For some investors, that will reinforce the appeal of Musk’s vertically integrated empire. For others, it will raise governance questions.
And governance is already one of the biggest parts of the story.
The S-1 makes clear that Elon Musk will remain firmly in control. TechCrunch reports that Musk will serve as CEO, CTO and chairman after the IPO, while holding enough voting power to retain control even after the company goes public. The filing shows Musk owns 93.6% of SpaceX’s Class B stock, which carries 10 votes per share, giving him 85.1% of current voting power.
That means SpaceX may become public, but it will not become conventionally accountable in the way many public companies are.
Investors will get access to one of the most consequential companies in the world, but they will also be betting on Musk’s control, priorities and risk appetite.
Starship remains the biggest operational variable. SpaceX says it expects Starship to begin payload delivery to orbit in the second half of 2026, with plans to use the vehicle for Starlink satellite deployments and eventually far more ambitious missions. SpaceX spent $3 billion on Starship research and development in 2025 and another $930 million in the first quarter of 2026.
That spending is central to the company’s long-term plan. SpaceX argues Starship could reduce the cost of reaching orbit by 99% or more compared with historical launch costs. If that happens, it could unlock everything from cheaper satellite deployment to lunar infrastructure, Mars missions and space-based computing.
But if Starship is delayed, crashes, or fails to achieve rapid reusability, the entire valuation story becomes harder to defend.
That is what makes this IPO so unusual.
Most companies go public with a clearer business model and a narrower set of risks. SpaceX is going public as a profitable-looking revenue engine in some areas, a capital-intensive moonshot in others, and an AI conglomerate still trying to prove its economics.
It has real revenue. It has dominant launch capability. It has Starlink. It has government contracts. It has one of the most valuable private infrastructure networks ever built.
But it also has enormous losses, massive capital expenditure, execution risk around Starship, AI legal exposure, governance questions and a future market narrative that stretches from global broadband to Mars colonies and orbital data centres.
That combination will make SpaceX one of the most fascinating public companies in the world.
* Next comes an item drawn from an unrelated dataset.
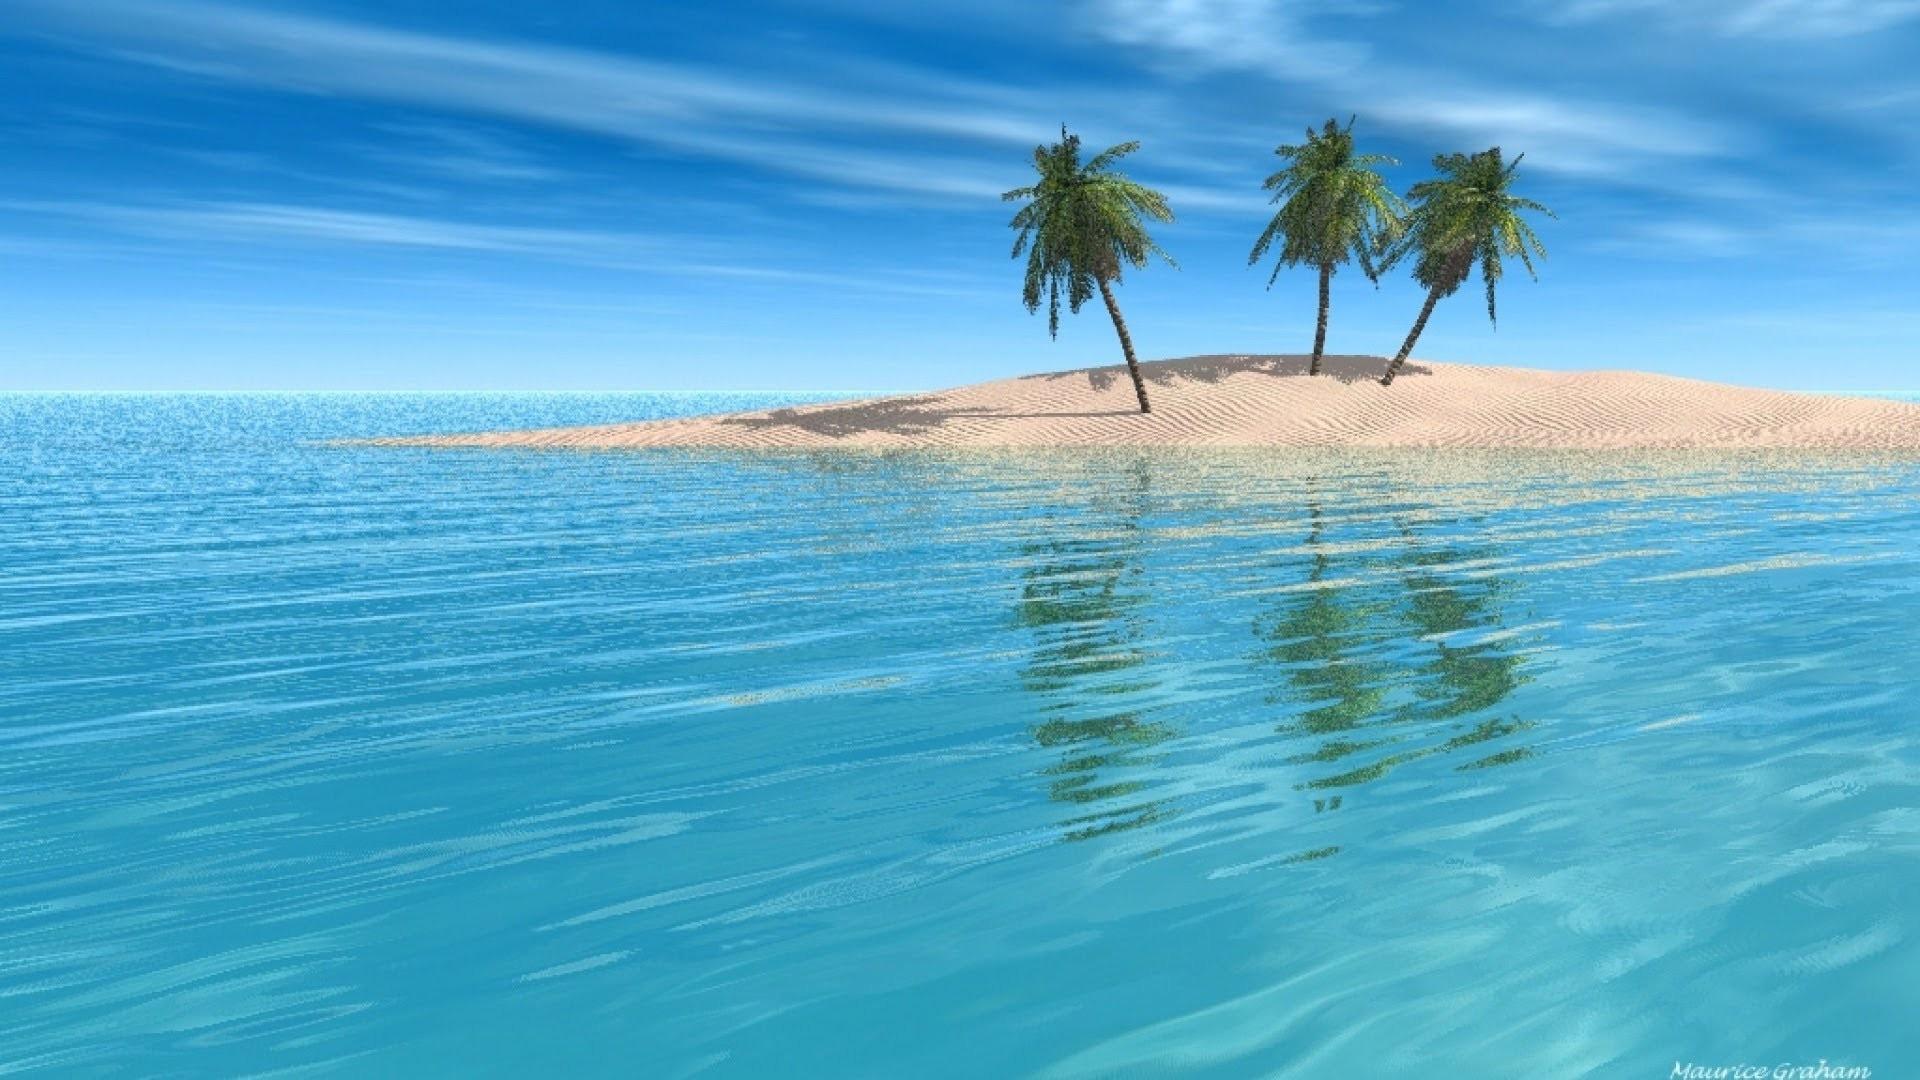 Hd Tropical Island Beach Paradise Wallpapers And Backgrounds: Tropical Island Background ·① WallpaperTag
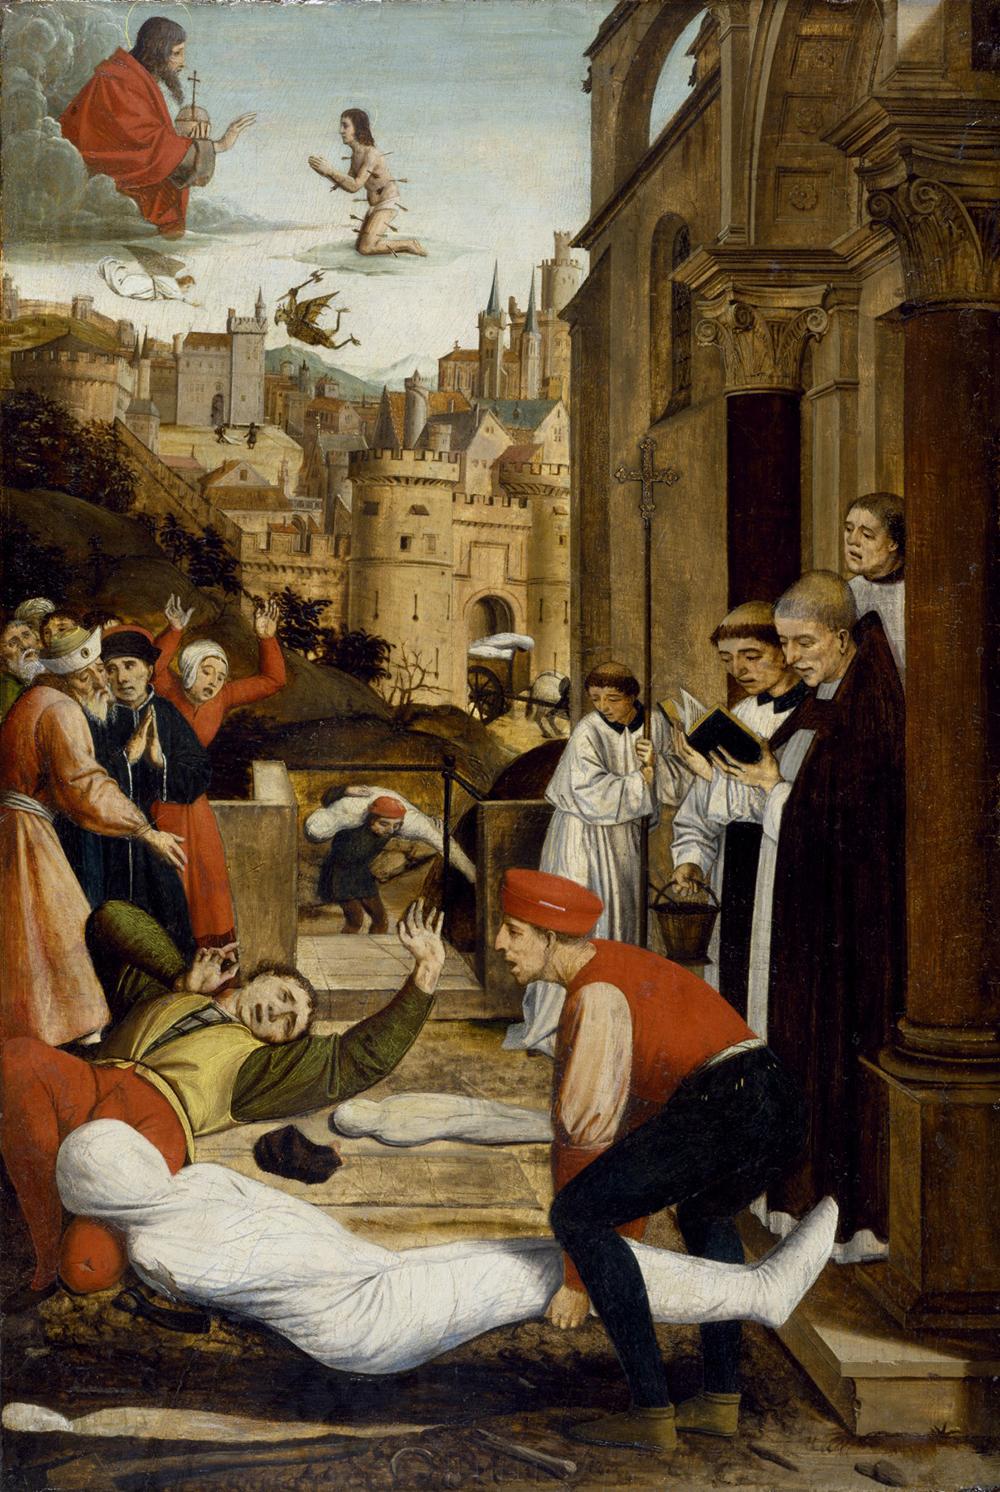 Saint Sebastian Interceding for the Plague Stricken, by Josse Lieferinxe, c. 1497.

For Wall Street, the IPO is not just a chance to buy into space. It is a chance to buy into Elon Musk’s most complete vision of the future — one where rockets, satellites, AI, chips, social media and compute infrastructure all converge under one corporate roof.
The risk is that this vision may be too big, too expensive and too dependent on one person.
The opportunity is that if even part of it works, SpaceX could become one of the defining companies of the next technological era.
Either way, this IPO changes the conversation.
SpaceX is no longer just preparing humanity for Mars.
It is preparing itself for Wall Street.